What Is Interleaving?
Why Is Interleaving Used in Channel Coding?
Preview: Learn more about interleaving and how it improves the performance of error-control codes by converting burst errors into random errors.
Interleaving is a signal-processing technique used in digital communication systems to improve the effectiveness of forward error correction (FEC). Rather than correcting errors directly, an interleaver rearranges the order of the transmitted data so that groups of consecutive transmission errors become separated before they reach the decoder. This simple idea allows many error-control codes, which are designed primarily to correct isolated random errors, to cope successfully with much longer burst errors. Interleaving is therefore one of the most widely used techniques in modern communications.
Most error-control codes assume that transmission errors occur independently and are randomly distributed throughout the data stream. This assumption is valid for channels dominated by thermal noise, where each bit has approximately the same probability of being received incorrectly. Many practical communication channels, however, behave quite differently. Radio fading, atmospheric disturbances, switching transients, scratches on optical discs, magnetic recording defects, and impulsive electrical noise often produce burst errors in which many consecutive bits are corrupted simultaneously.
Burst errors present a serious problem for conventional error-control codes. A code capable of correcting one or two random bit errors may fail completely if ten or twenty adjacent bits are corrupted within the same codeword. Rather than attempting to design extremely powerful codes for every possible burst length, engineers employ interleaving to distribute the errors more evenly before decoding.
The basic principle of interleaving is straightforward. Before transmission, the encoder rearranges the order of the coded bits according to a predetermined pattern. After reception, the receiver performs the inverse operation, known as de-interleaving, restoring the original order before error correction takes place. If no transmission errors occur, the de-interleaved data are identical to the original transmitted sequence.
The benefit becomes apparent when burst errors occur. Suppose twenty consecutive transmitted bits are corrupted by a deep fade on a radio link. Without interleaving, all twenty errors may occur within a single codeword, far exceeding the correction capability of the decoder. With interleaving, however, those twenty consecutive transmission errors become distributed across many different codewords after de-interleaving. Each codeword may then contain only one or two errors, allowing the forward error-correction decoder to correct them successfully.

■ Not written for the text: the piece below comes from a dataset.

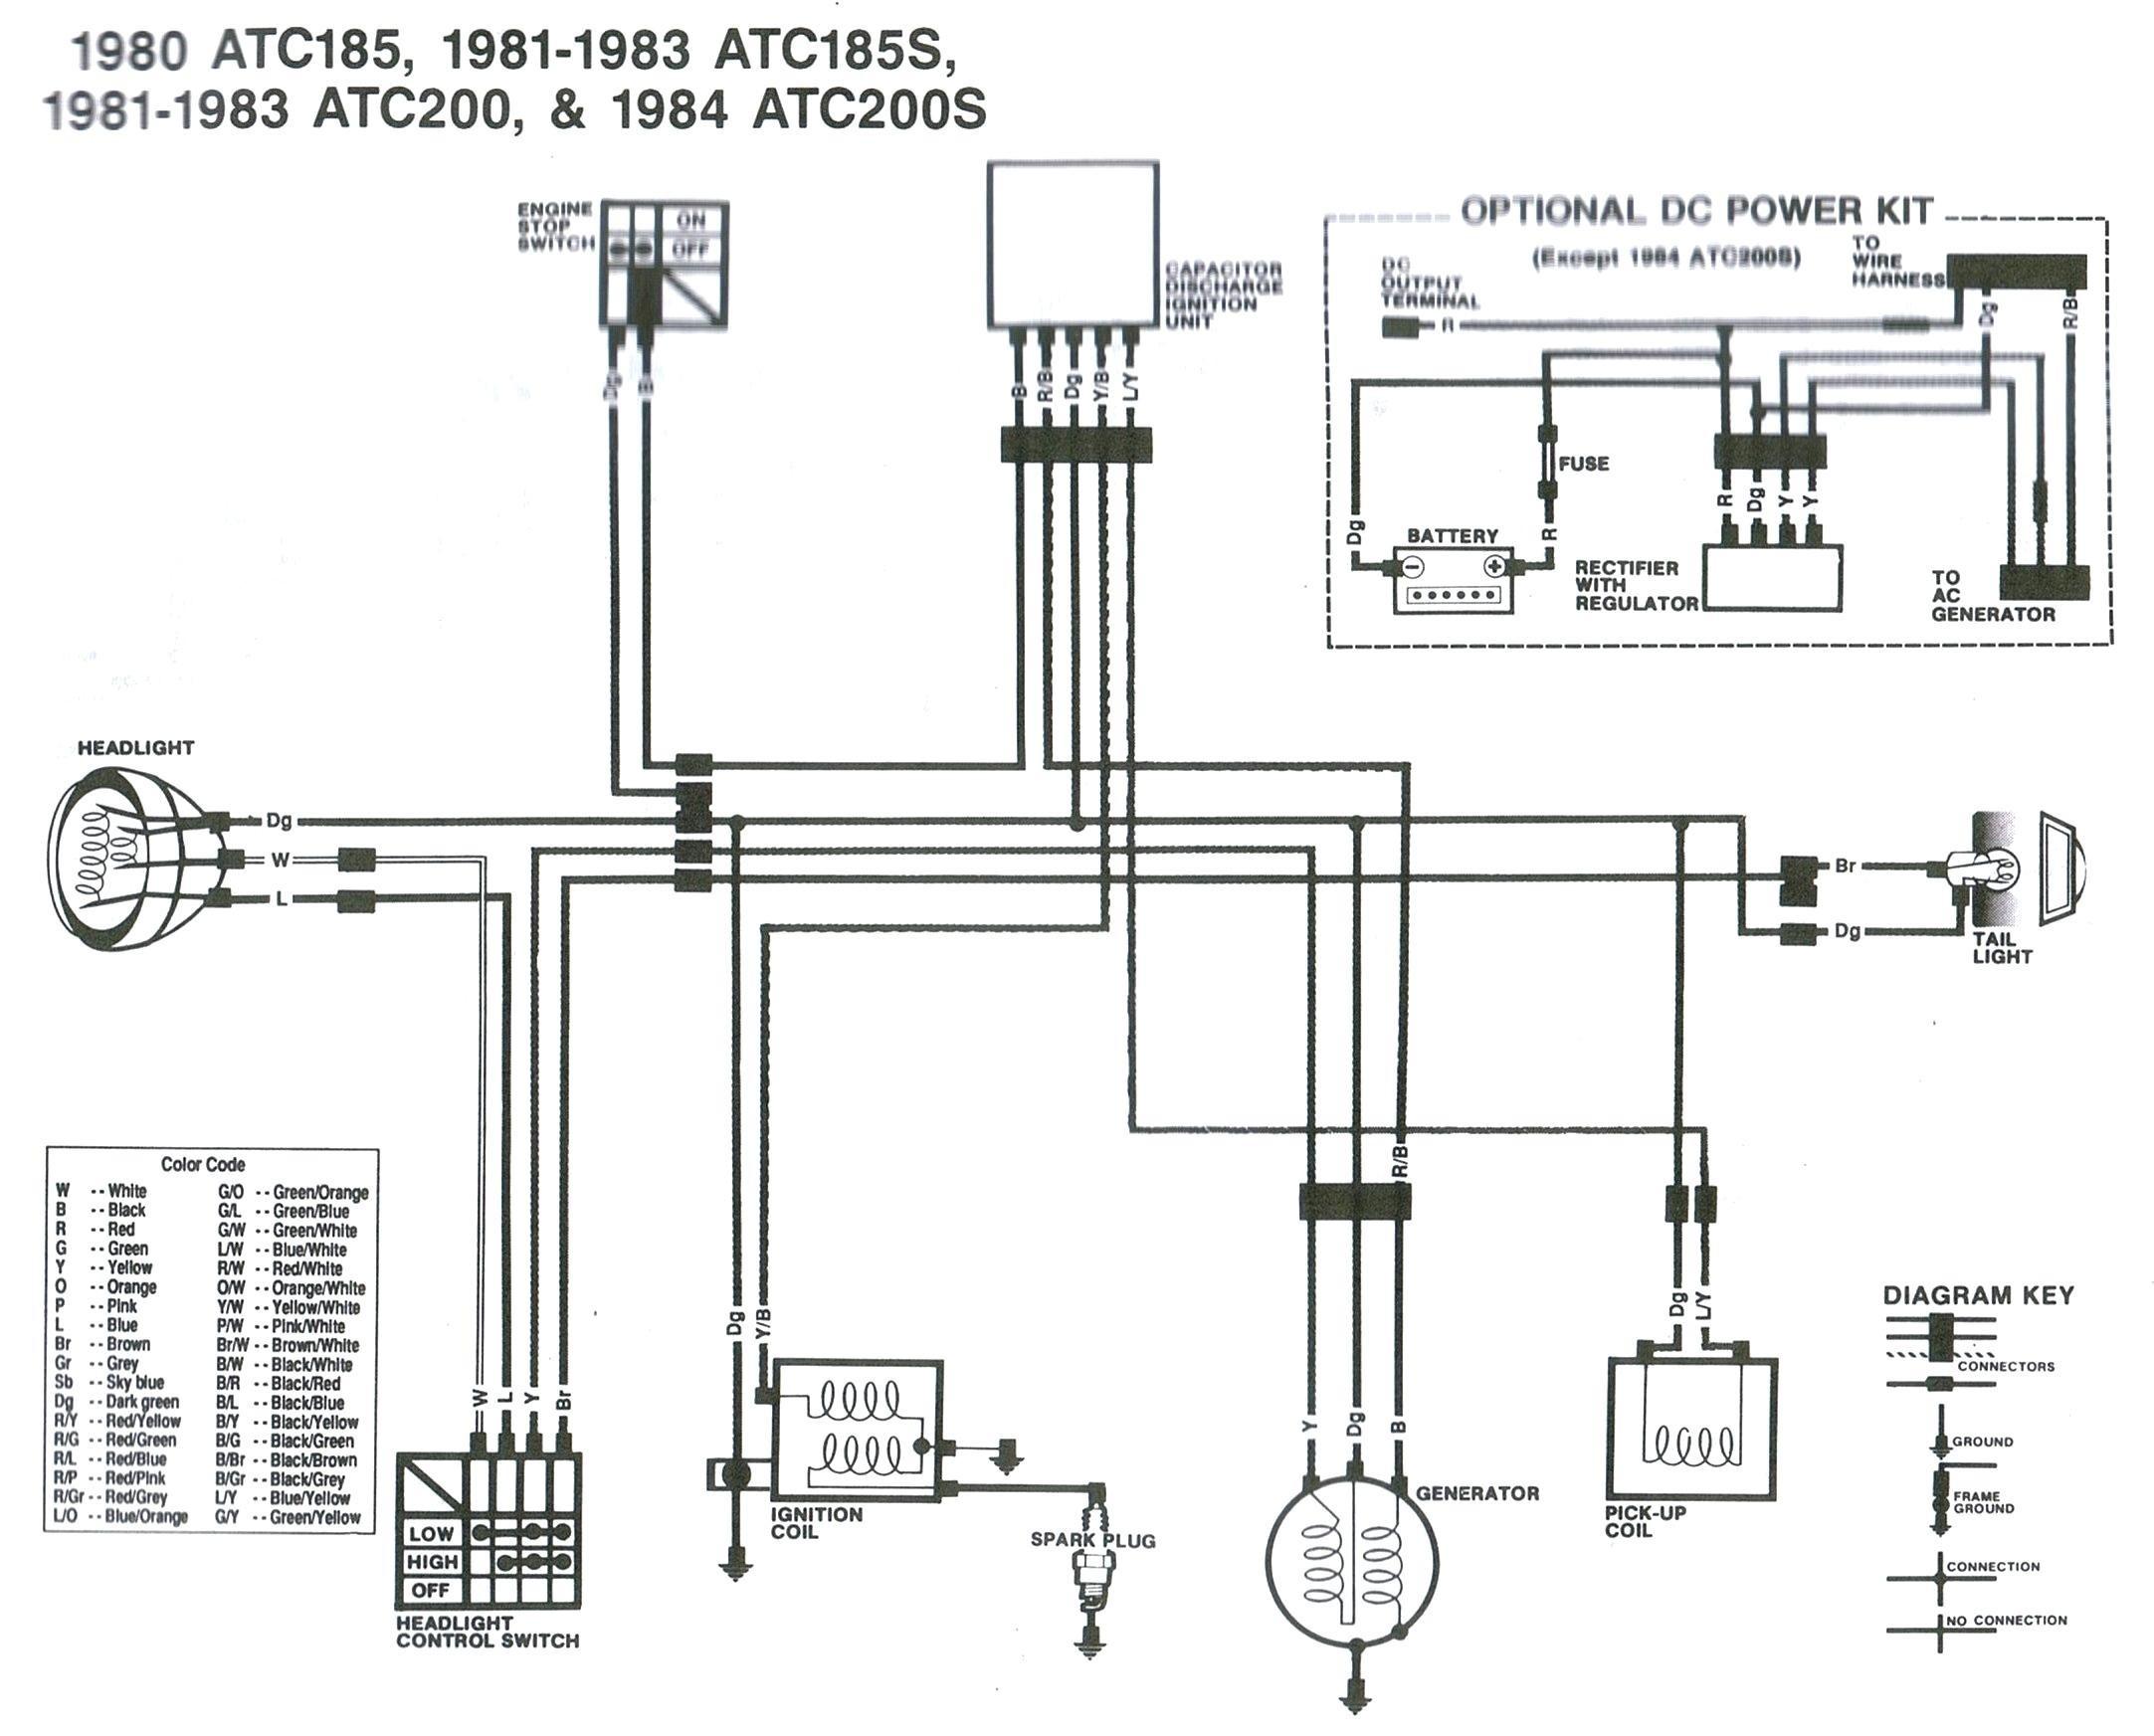 Diagram Database - Just The Best Diagram database Website | 1980 Toyota Truck Wiring Diagram |  | tom.waltz.diagramza.hosteria87.it

A useful analogy is shuffling a deck of cards before placing it into several piles. If a small amount of water damages twenty consecutive cards before shuffling, they all remain together in one pile and cause significant damage. If the cards are shuffled first, however, the damaged cards become distributed among many piles, with only one or two damaged cards in each. The overall effect is much easier to manage. Interleaving performs exactly the same function for digital data.
Several forms of interleaving are used in communication systems. The simplest is the block interleaver, in which data are written into a rectangular memory row by row and read out column by column, or vice versa. More sophisticated techniques include convolutional interleavers, matrix interleavers, helical interleavers, and random interleavers. Each provides different trade-offs between burst-error protection, memory requirements, processing complexity, and transmission delay.
Interleaving is particularly important in wireless communication systems, where multipath fading often produces bursts of errors lasting many symbol intervals. It is also widely employed in satellite communications, digital television, compact discs, DVDs, Blu-ray discs, magnetic recording systems, solid-state storage devices, and deep-space communication links. In each case, the objective is the same: convert correlated burst errors into isolated random errors that can be corrected efficiently by the channel decoder.
Modern coding techniques depend heavily on interleaving. Turbo codes, for example, employ carefully designed random interleavers as an integral part of their operation, allowing iterative decoders to approach the theoretical limits established by Claude Shannon. Similarly, many Low-Density Parity-Check (LDPC) coding systems combine interleaving with powerful error-correction algorithms to improve reliability on fading communication channels.
Interleaving is not without cost. Because data must be accumulated before they can be rearranged, the technique introduces additional latency. Larger interleavers provide greater protection against longer burst errors but also require more memory and produce longer transmission delays. Communication-system designers therefore select the interleaver depth carefully to achieve an appropriate balance between burst-error protection, implementation complexity, and end-to-end delay.
It is important to recognise that interleaving does not correct errors by itself. It introduces no additional redundancy and therefore cannot detect or repair corrupted data. Its purpose is simply to rearrange the transmitted information so that the existing forward error-correction code can operate under conditions more closely matching those for which it was designed. Interleaving and FEC therefore work together as complementary techniques rather than as independent error-control methods.
Today, interleaving is regarded as an essential component of most high-performance digital communication systems. From mobile telephone networks and satellite links to optical communication systems and digital storage devices, it enables relatively simple error-control codes to achieve remarkable performance on channels that would otherwise produce unmanageable burst errors.
Interleaving therefore represents one of the most elegant ideas in communications engineering. By changing only the order in which data are transmitted—without altering the information itself—it transforms difficult burst-error channels into channels that are far easier for error-correction codes to handle. This simple yet powerful concept has become one of the key enabling technologies of reliable modern digital communications.